Exercise aim
A word-for-word copy of the data, pictures excluded, is what this task asks for.
** Opening Dataset excerpt block **
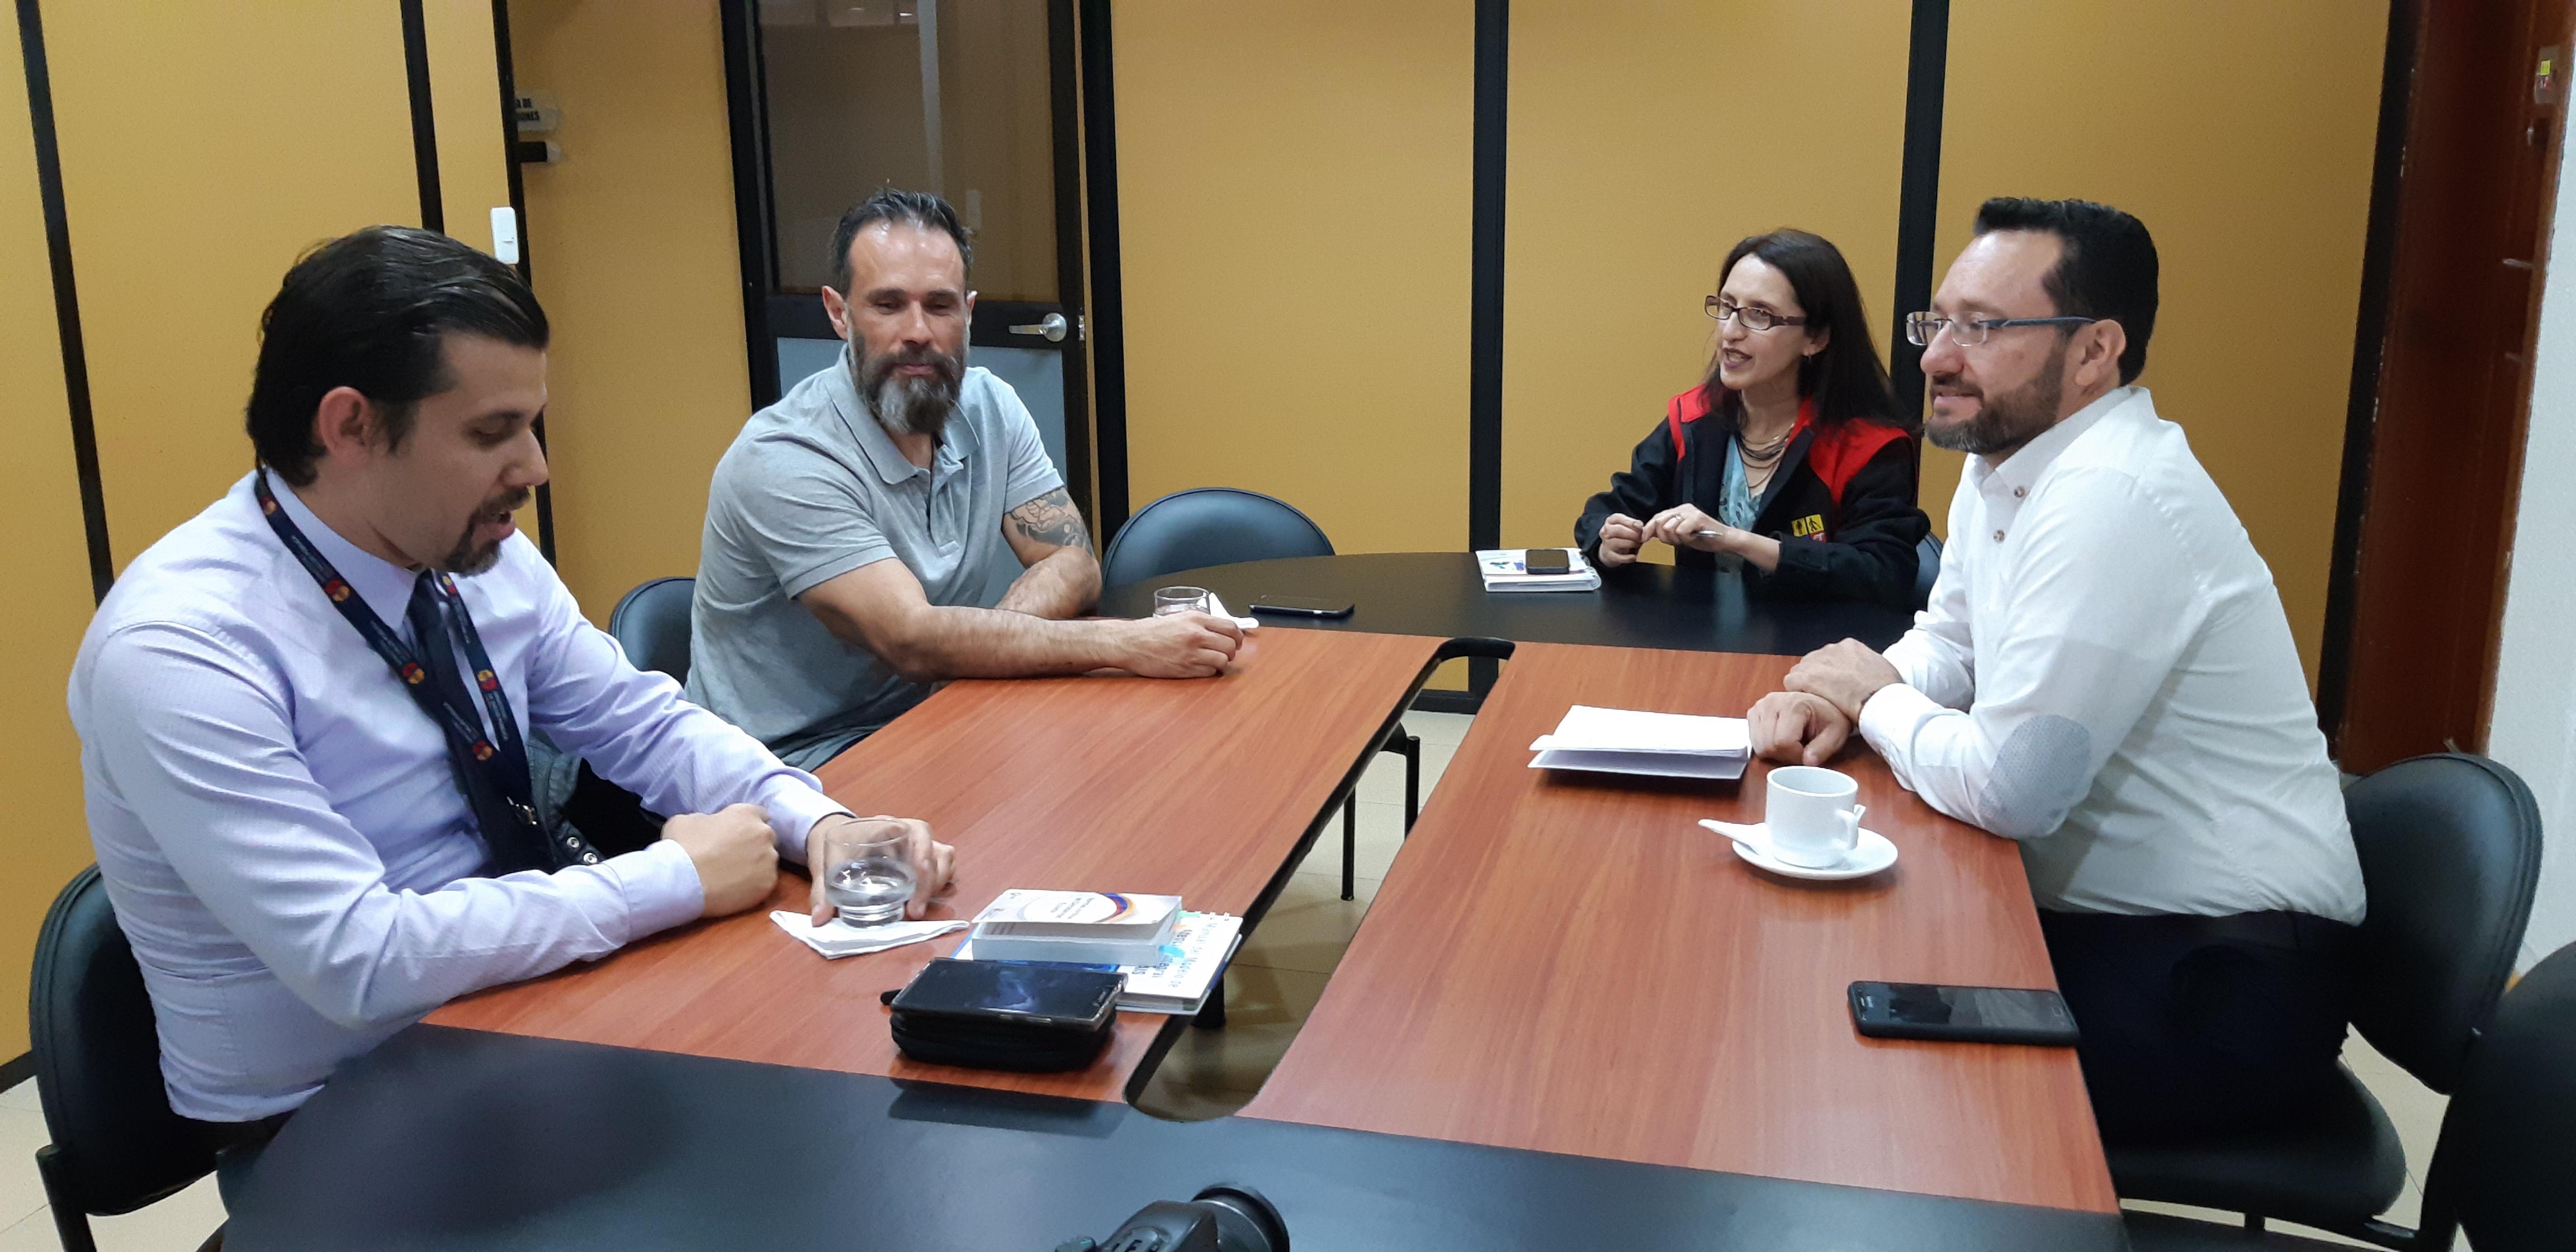 Importante socialización del proyecto en el CONADIS en conjunto con el MSP
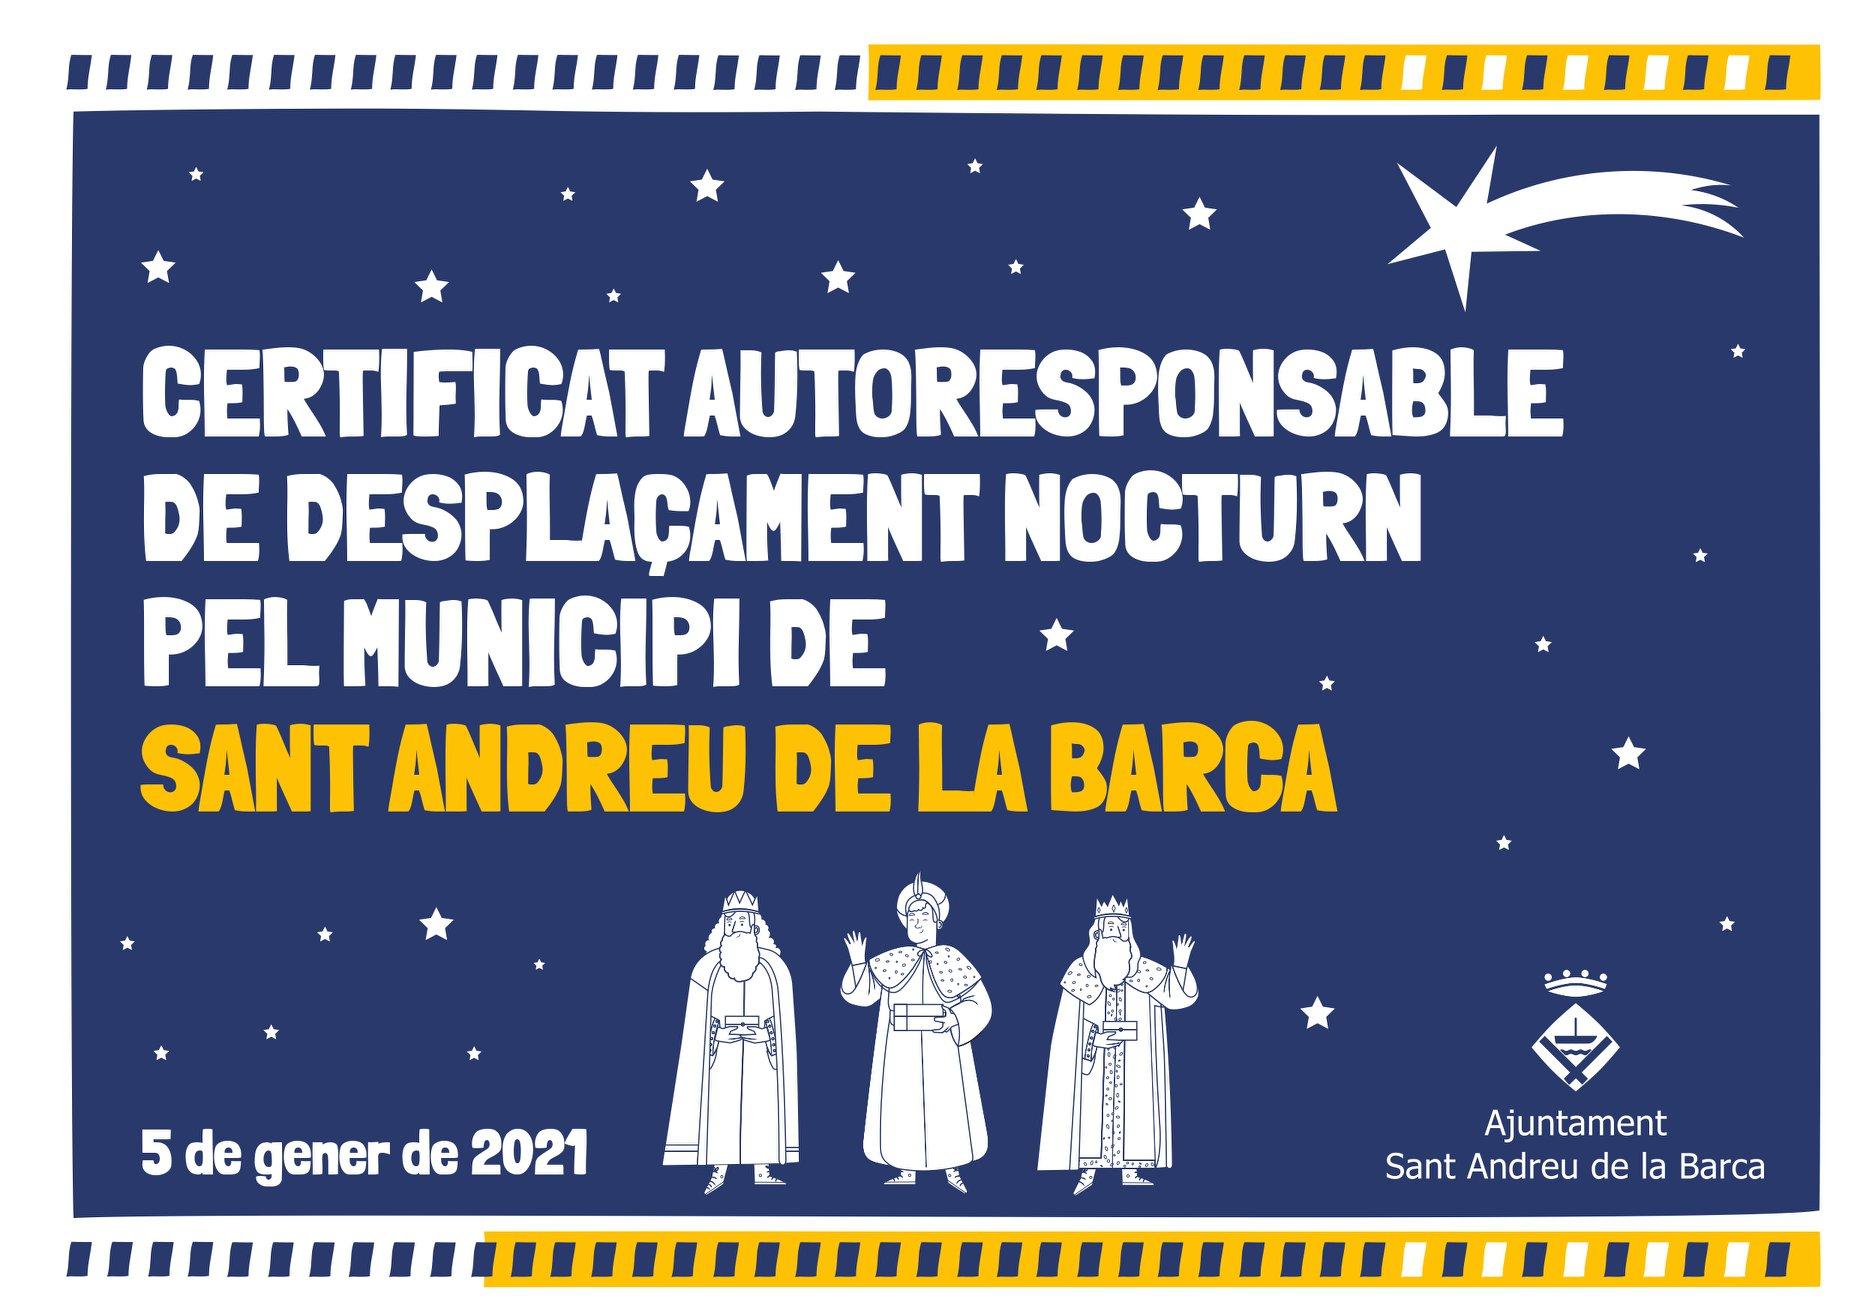 L'alcalde de Sant Andreu de la Barca autoritza als Reis Mags a trencar el confinament nocturn
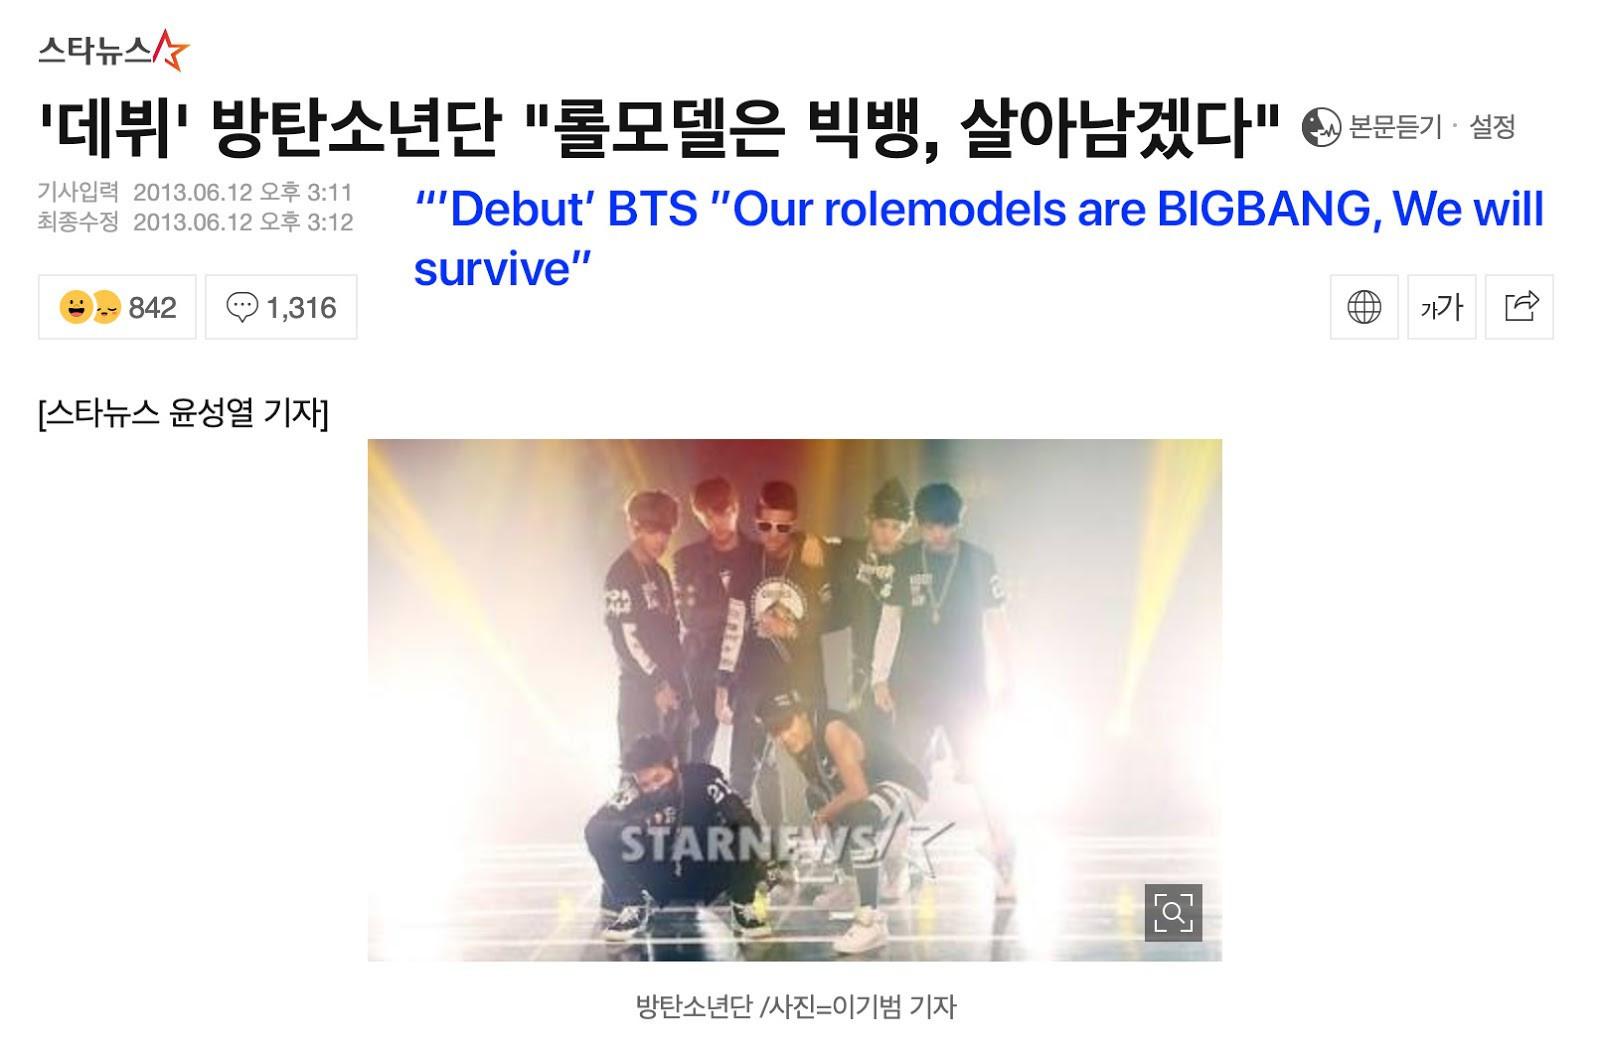 Rùng mình câu nói 6 năm trước của BTS sau chuỗi thành tích kỷ lục thế giới: Lời tiên đoán là có thật!
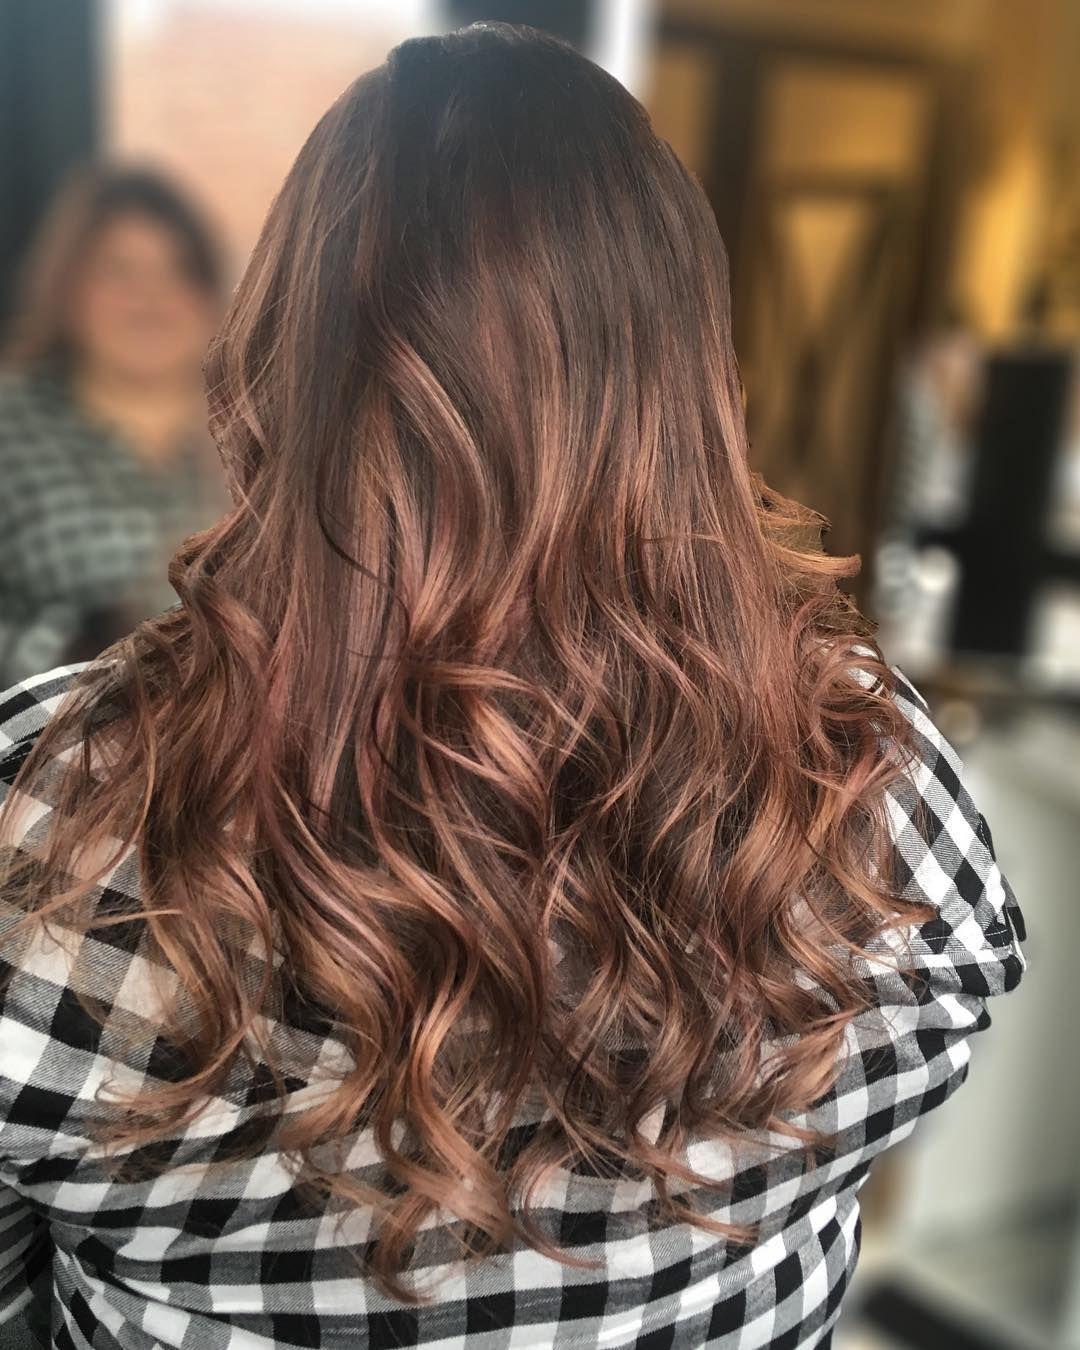 Frisuren 2018 elle
** Closing Dataset excerpt block **
Solution to the problem
 Importante socialización del proyecto en el CONADIS en conjunto con el MSP
 L'alcalde de Sant Andreu de la Barca autoritza als Reis Mags a trencar el confinament nocturn
 Rùng mình câu nói 6 năm trước của BTS sau chuỗi thành tích kỷ lục thế giới: Lời tiên đoán là có thật!
 Frisuren 2018 elle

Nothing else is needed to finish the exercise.